Jeudis des fiscalistes - Marc Tournoud - Livraisons intracommunautaires payées en espèces par un fournisseur dont le numéro intracommunautaire n’est plus valide... exonérées de TVA, ou pas ?
Jurisprudence du cabinet : TA Grenoble, N°2005019, 31 janvier 2023
C’est l’article 262 ter du code général des impôts qui énonce les conditions de l’exonération de TVA des biens expédiés ou transportés à destination d’un autre assujetti vers un autre Etat membre de la Communauté européenne.
L’application concrète de ce texte fait l’objet d’un important contentieux : l’administration est souvent tentée de remettre en cause l’exonération lorsque les conditions des opérations lui paraissent inhabituelles, à savoir notamment si le prix est payé en espèces pour des montants significatifs, ou lorsque le numéro d’assujetti de l’acquéreur n’est plus valide.
Une affaire récente permet de rappeler les limites de l’action de l’administration dans de telles circonstances :
Une société française avait placé sous le régime de l’exonération de l’article 262 ter du CGI des ventes de véhicules d’occasion consenties en 2016 et 2017 à une cliente établie en République Tchèque. Il s’agissait d’un client important et habituel puisque les transactions, intégralement acquittées en espèces, s’élevaient à 407 450 euros en 2016 dont 263 000 euros de livraisons exonérées de taxe et 25 400 euros en 2017 dont 21 100 euros de livraisons exonérées.
L’administration avait remis en cause l’exonération de taxe sur la valeur ajoutée appliquée à ces ventes au motif que le vendeur aurait dû, selon le service vérificateur, relever l’importance des paiements en espèces, et procéder à de fréquentes vérifications du numéro de taxe sur la valeur ajoutée intracommunautaire de la société tchèque.
Pour écarter la thèse de l’administration, le tribunal administratif de Grenoble a d’abord rappelé les règles applicables, dans les termes suivants : « pour l’application de ces dispositions, un assujetti à la taxe sur la valeur ajoutée disposant de justificatifs de l’expédition des biens à destination d’un autre Etat membre et du numéro d’identification à la taxe sur la valeur ajoutée de l’acquéreur doit être présumé avoir effectué une livraison intracommunautaire exonérée, cette présomption ne fait pas obstacle à ce que l’administration fiscale puisse établir que les livraisons en cause n’ont pas eu lieu, en faisant notamment valoir que des livraisons, répétées et portant sur des montants importants, ont eu pour destinataires présumés des personnes dépourvues d’activité réelle. Toutefois, le droit à exonération de cet assujetti ne peut alors être remis en cause que s’il est établi, au vu des éléments dont il avait connaissance, qu’il savait ou aurait pu savoir en effectuant les diligences nécessaires, que la livraison intracommunautaire qu’il effectuait le conduisait à participer à une fraude fiscale. A cet égard, aucune disposition n’impose à un assujetti de consulter la base de données des numéros d’identification à la taxe sur la valeur ajoutée. Dans ces conditions, un assujetti, qui ne dispose pas d’éléments lui permettant de soupçonner l’existence d’une fraude, ne peut voir son droit à exonération remis en cause au seul motif qu’il n’a pas procédé à cette consultation. »

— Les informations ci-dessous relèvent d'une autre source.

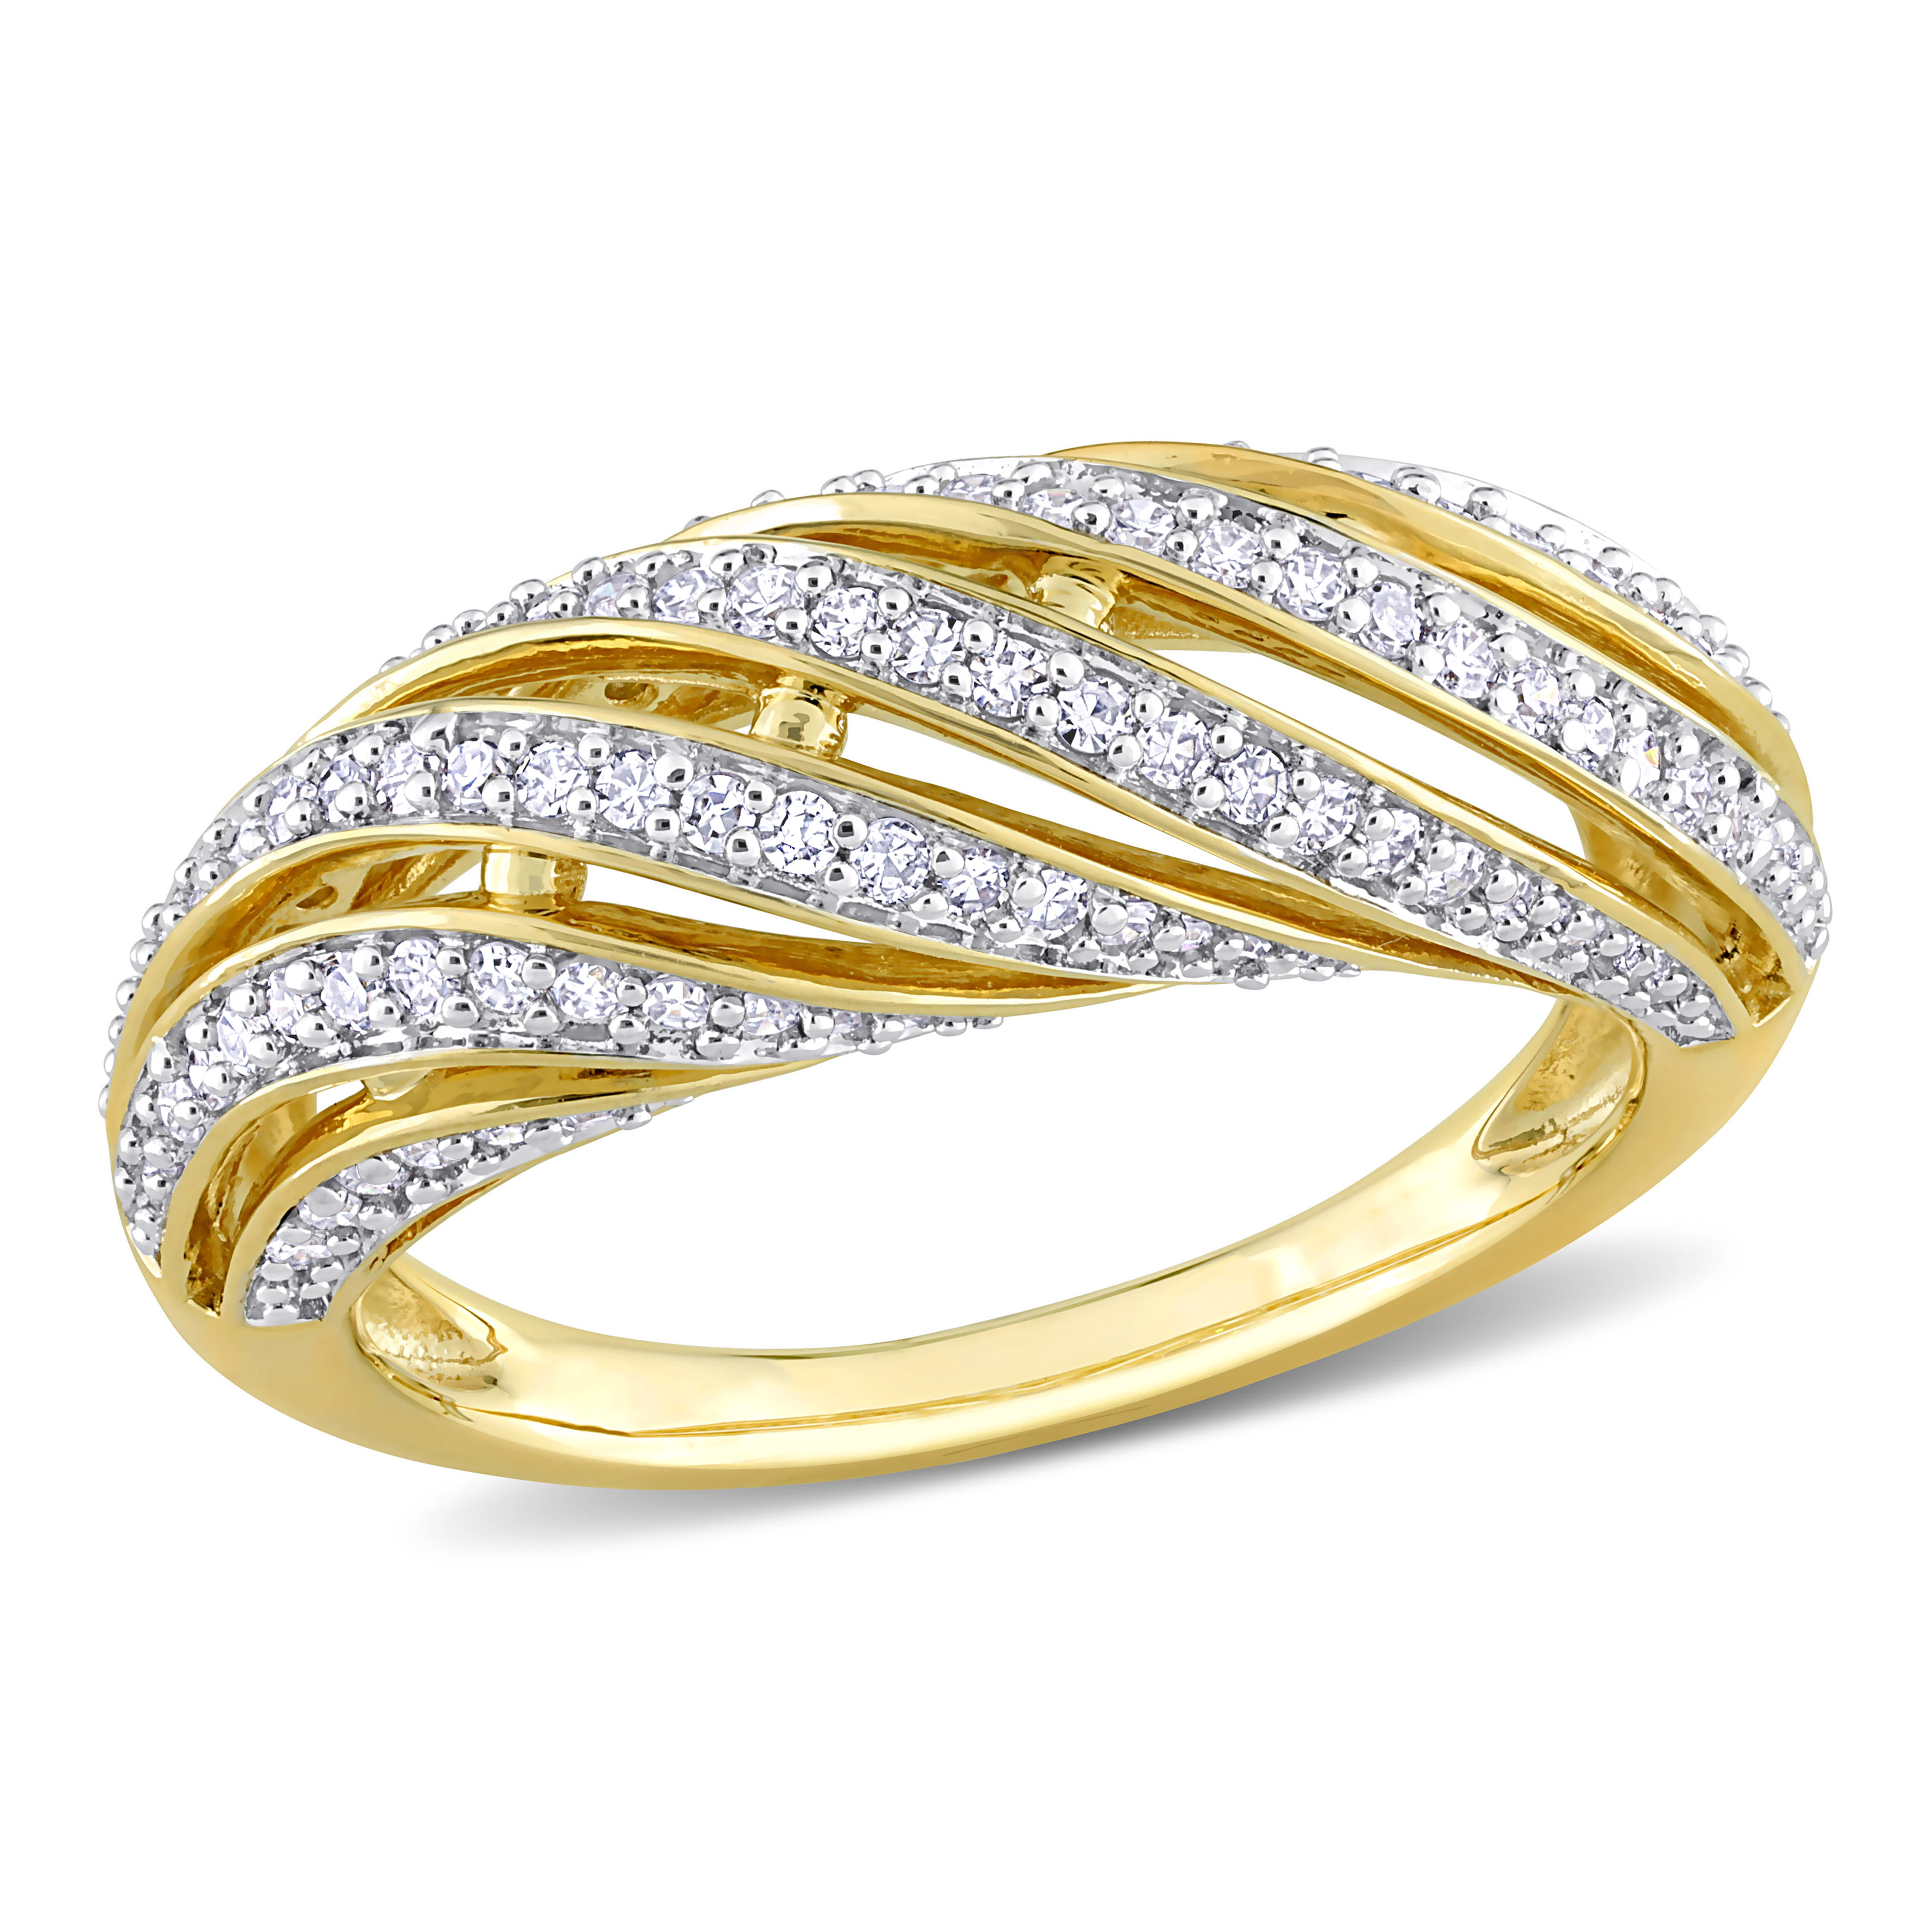 1/2 CT TDW Diamond Swirl Design Ring in 14k Yellow Gold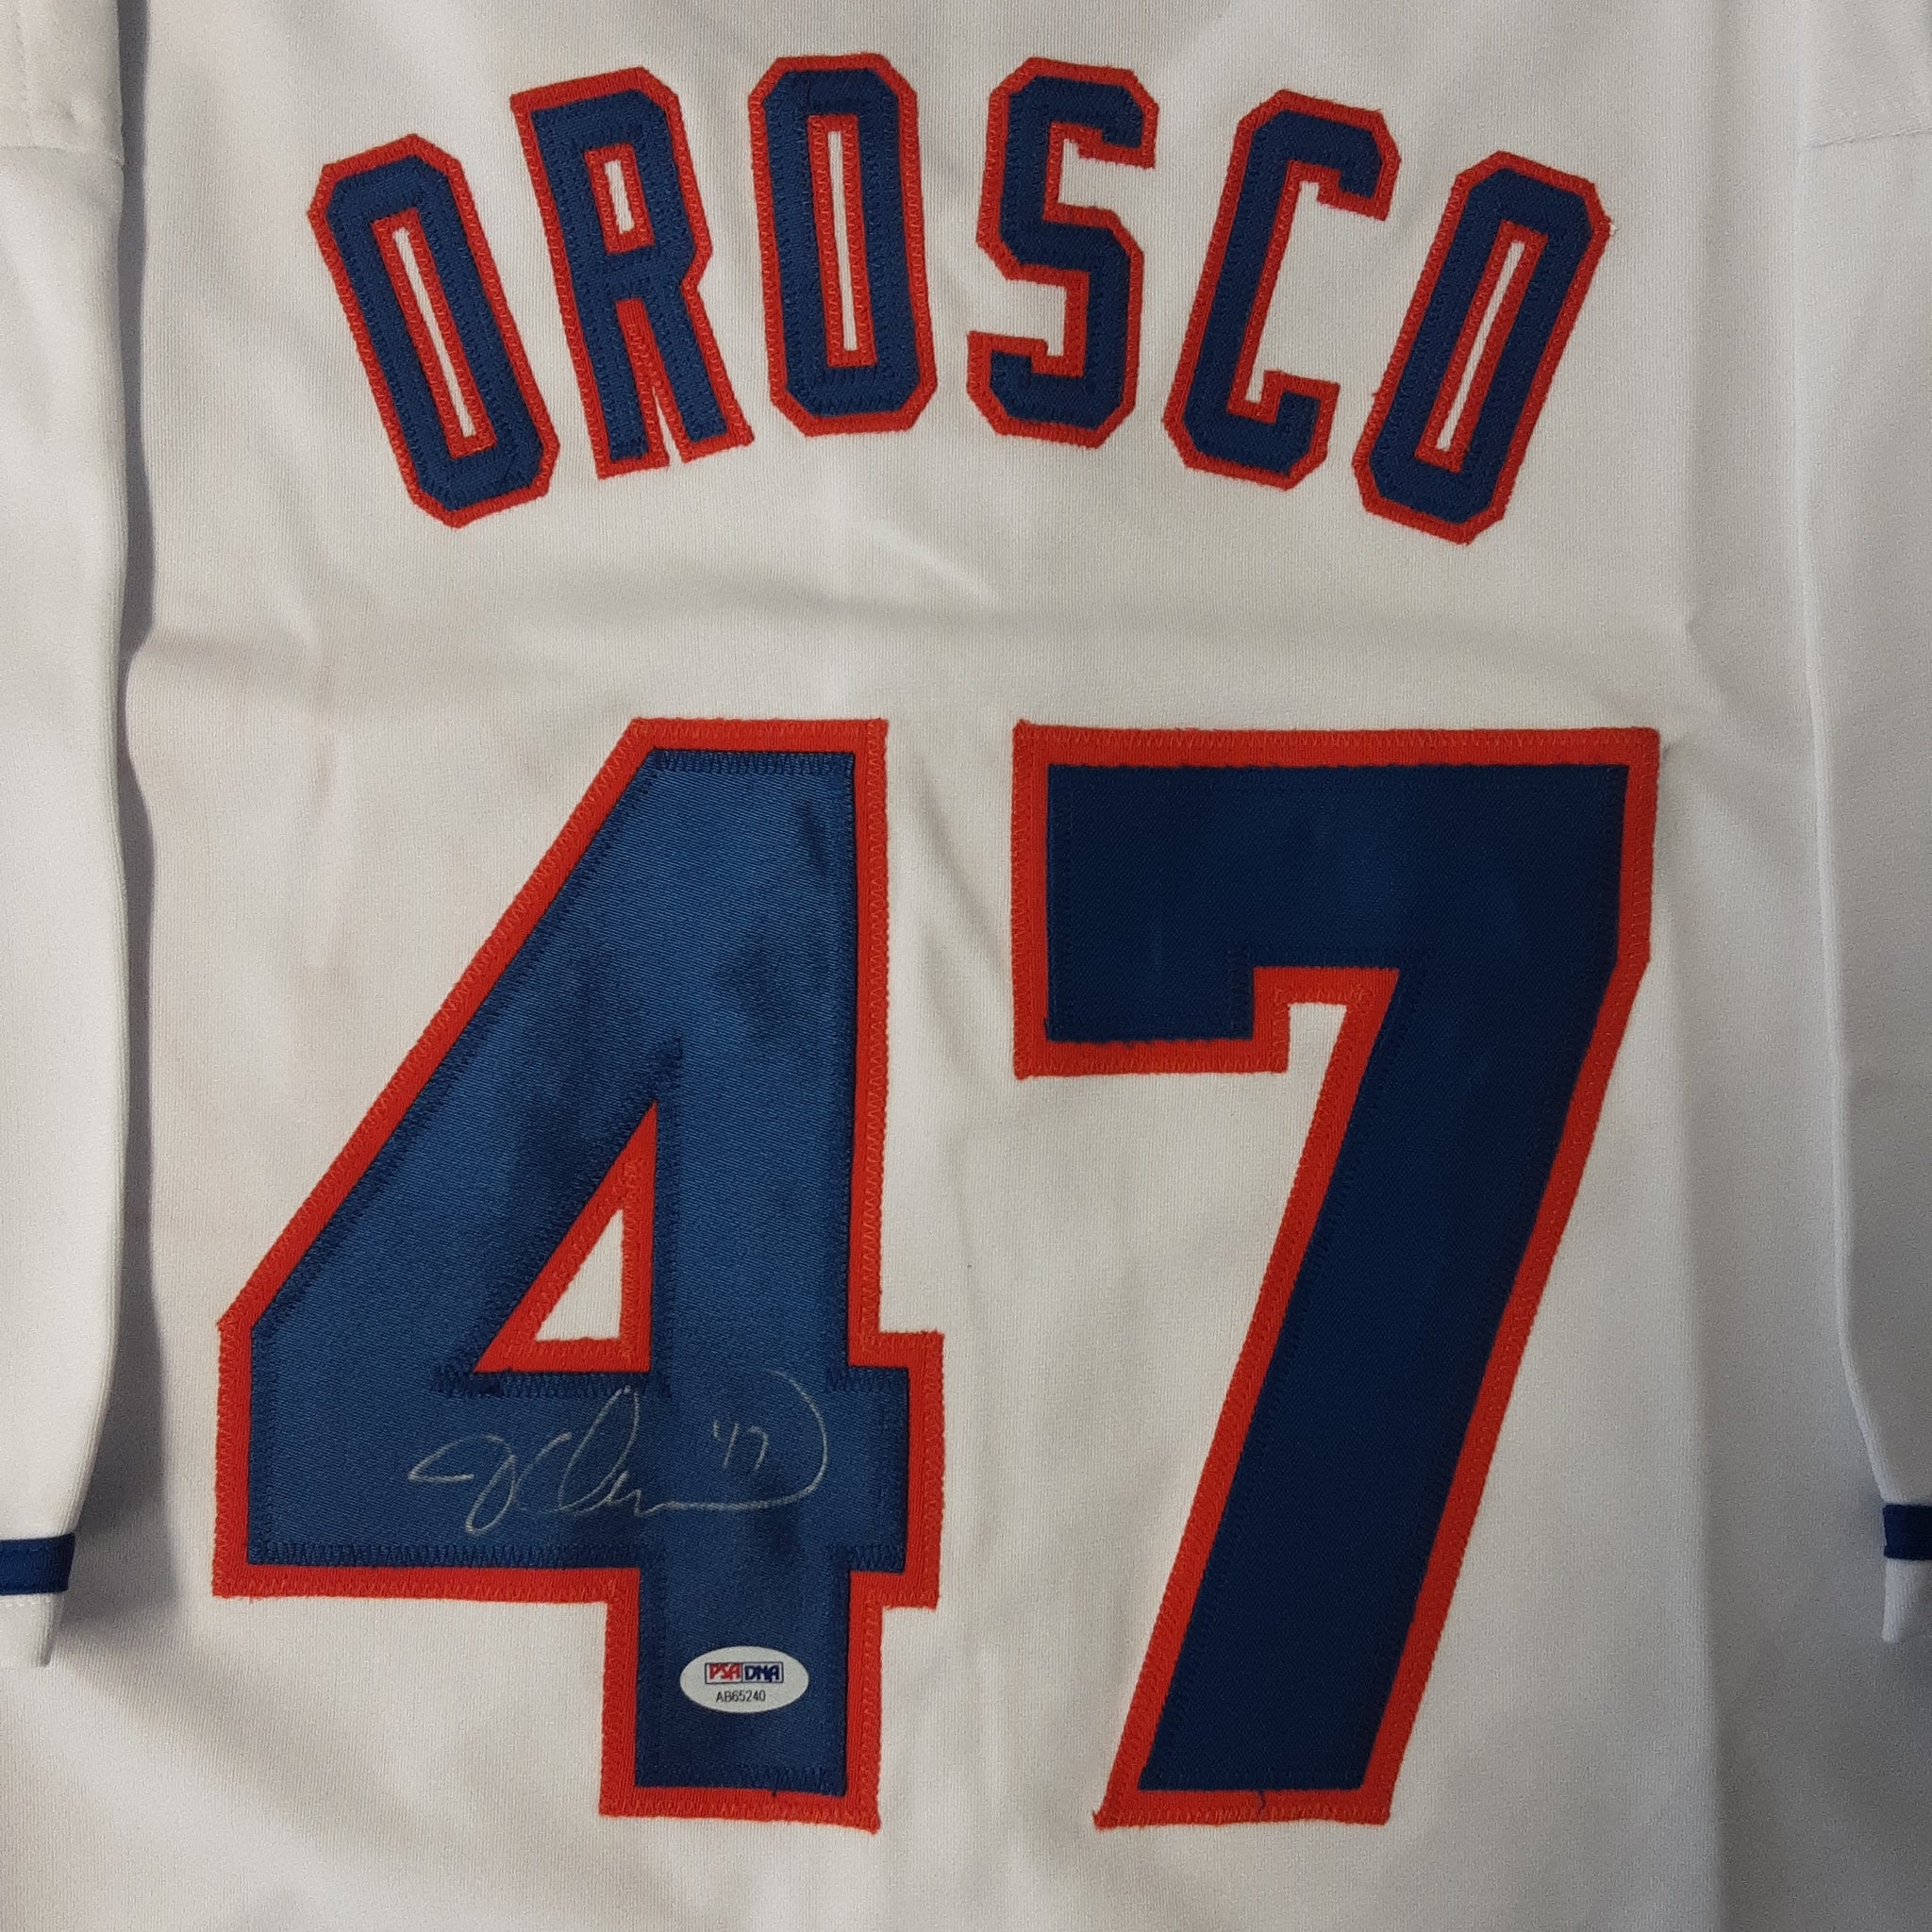 Jesse Orosco Authentic Signed Pro Style Jersey Autographed PSA

Dans le cas évoqué, le tribunal a relevé que la société française avait vérifié la validité du numéro de taxe sur la valeur ajoutée intracommunautaire de sa cliente au moment de l’engagement de leurs relations commerciales, au mois de juillet 2013, et qu’à cette date, le numéro était valide.
Peu importe que ledit numéro était invalidé un mois plus tard, à partir du 14 août 2013, puisque la société française n’était pas tenue de procéder à une nouvelle consultation de la base de données des numéros d’identification à la taxe sur la valeur ajoutée, tant que les informations dont elle disposait ne lui permettaient pas de soupçonner le comportement frauduleux de sa cliente.
Le tribunal ajoute que la circonstance que les paiements ont été effectués en espèces ne peut pas suffire à démontrer que le vendeur français savait ou aurait pu savoir, en effectuant les diligences nécessaires, que les livraisons intracommunautaires qu’elle réalisait la conduisait à participer à une fraude fiscale, l’administration ne contestant pas la réalité de ces livraisons et ne soutenant pas que la société tchèque serait dépourvue d’activité réelle.
Dans cette affaire jugée par le TA de Grenoble (TA Grenoble, N°2005019, 31 janvier 2023), l’administration n’était pas en mesure d’expliquer à quelle fraude la société Tchèque était supposée participer.
Logiquement, le tribunal a jugé que, dans ces conditions, l’assujetti, qui ne disposait pas d’éléments lui permettant de soupçonner l’existence d’une fraude, ne pouvait voir son droit à exonération remis en cause au seul motif qu’il n’a pas procédé à la vérification du numéro d’assujetti de l’acquéreur.
Cette décision rendue au profit du contribuable rappelle utilement qu’aucune disposition n’impose à un assujetti de consulter sans arrêt la base de données des numéros d’identification à la taxe sur la valeur ajoutée, notamment pour les clients habituels, et que si les autres conditions de l’exonération sont remplies par ailleurs, c’est à l’administration qu’il appartient d’établir, en cas de doute, qu’au vu des éléments dont le vendeur avait connaissance, que celui-ci savait, ou aurait pu savoir en effectuant les diligences nécessaires, que la livraison intracommunautaire qu’il effectuait le conduisait à participer à une fraude fiscale.
Marc Tournoud,
Avocat associé, spécialiste en droit fiscal.